Akira Kurosawa is one of my very favorite filmmakers. If you search through my reviews, I have written about a few, The Seven Samurai, High and Low, Kagemusha, and Dreams. I have seen many more, Rashomon, Ikiru (my personal favorite), Yojimbo, Sanjuro, Dersu Uzala, and Ran. I have only disliked one, High and Low, but not one of his films failed to amaze me in some way or other. My initial opinion, after seeing Rashomon, The Seven Samurai, Yojimbo, Ran and Kagemusha was that he was an amazing stylist whose films felt slightly impersonal to me. I strongly disagree with that opinion now (I expressed it in my review to Kagemusha, which I'm surprised hasn't resulted in tons of hate mail).

I have just finished watching Kurosawa's second to last film, Rhapsody in August. It is not highly regarded, usually dismissed as a very minor work in a master's portfolio. This I also discovered about my second favorite of his films, Dreams. Well, as far as my opinion, I think people were dead wrong about both of these films.

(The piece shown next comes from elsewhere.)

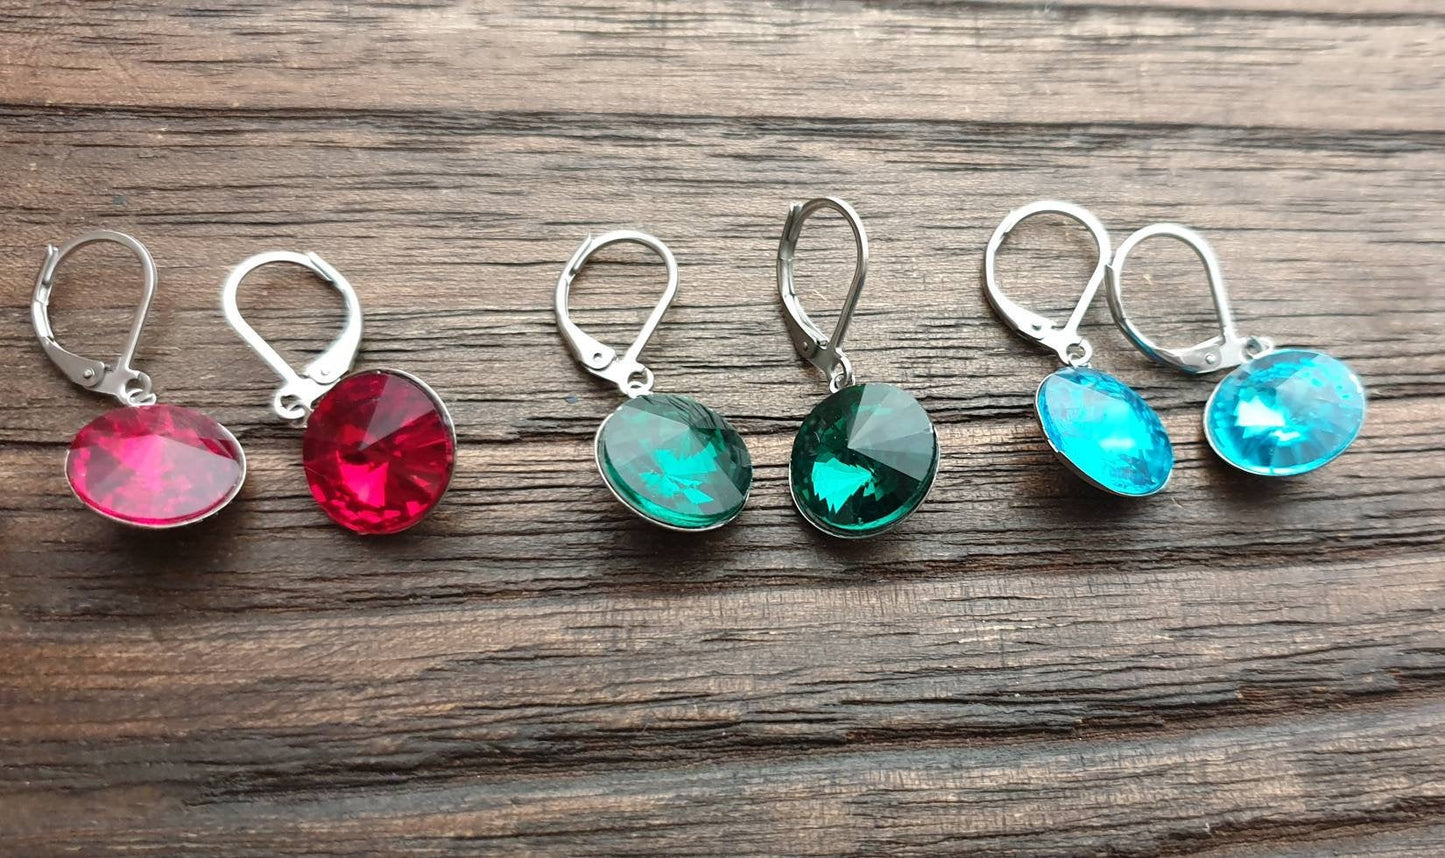 Glass Crystal Leverback Earrings Stainless Steel. Choose colour: Clear, Black Diamond, Emerald Green, Aquamarine, Red 12mm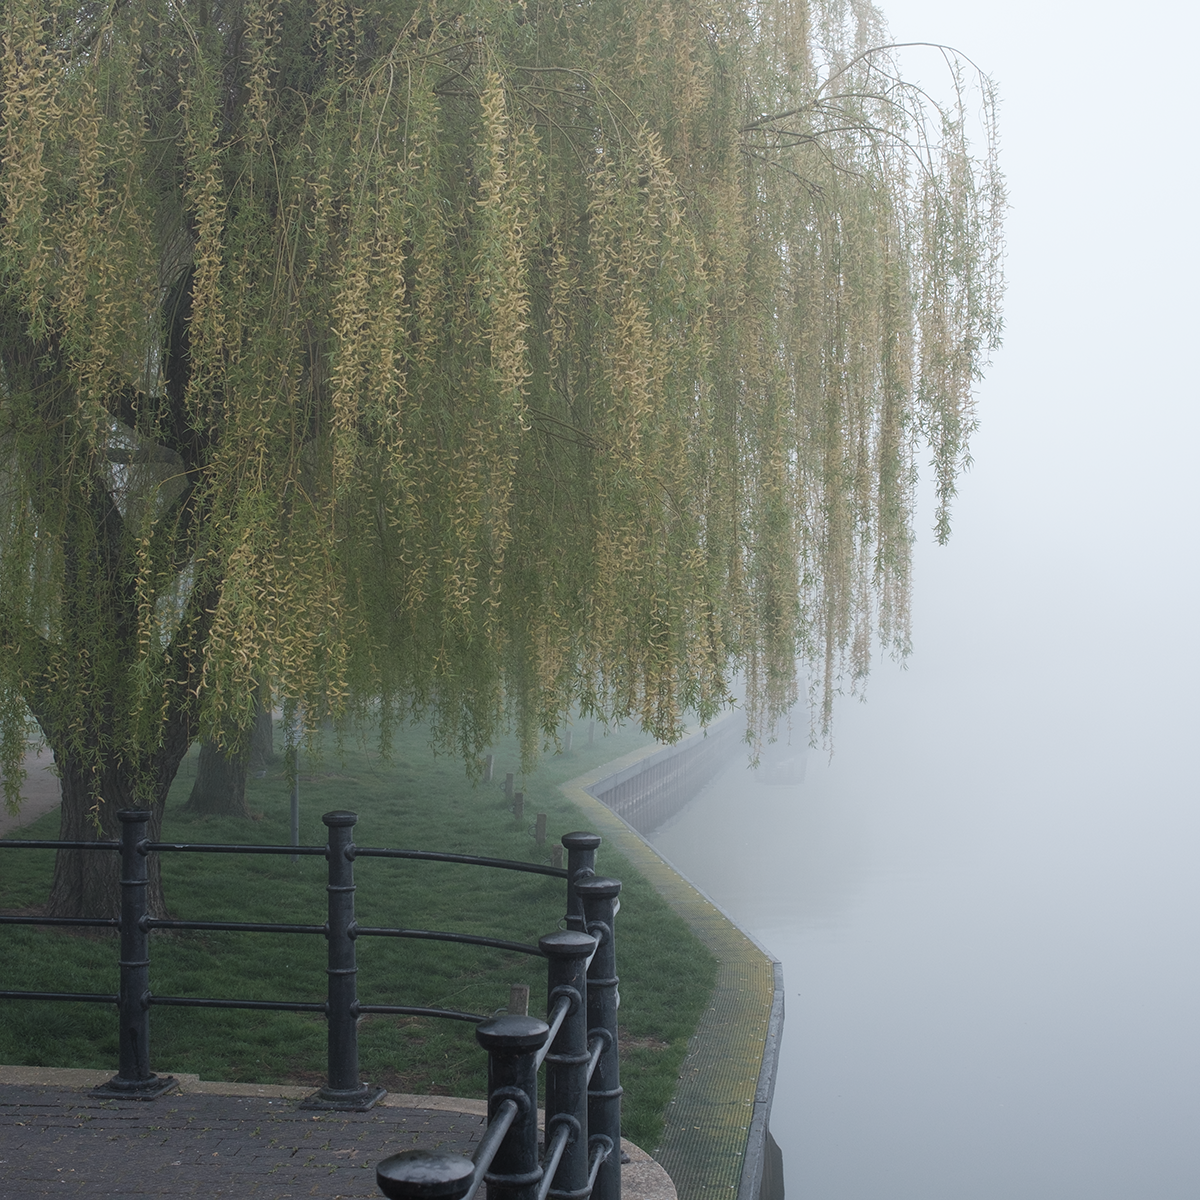 Willow in Mist image

Rhapsody in August is not a stylistic masterpiece like The Seven Samurai, Yojimbo, or Ran. Instead, only second to Ikiru, it is Kurosawa's most humanistic film. I have only seen one film by him (although I've read a lot about him), but I would compare it more to Yasujiro Ozu's work.

This film has a plethora of themes, ranging from the effect of the H-Bomb on both the Japanese and the Americans, the generation gaps between the three generations present (the matriarch of the family feels separate from her middle-aged children, but she relates well to her grandchildren who are interested in their country's sorrowful history), and the effect of American culture on the Japanese of the present generation. It is quite a handful, but everything is handled so subtly that some viewers who don't pick up on it all may easily grow uninterested. In some ways, the film feels very didactic (in a good way). I can imagine this film being showed to younger children, since the four grandchildren, at least at the beginning, are learning about the history of the bomb and Nagazaki and their grandfather's death.

The only weak point of the film is probably the very end, which is difficult to understand. I have a feeling that there was some cross-cultural barrier preventing my understanding of it, so if anyone does get it, please contact me. Anyway, as I perceived it, the film ended kind of randomly. But still, what has come before is too good to get too upset by the lack of closure. It deserves a 10/10.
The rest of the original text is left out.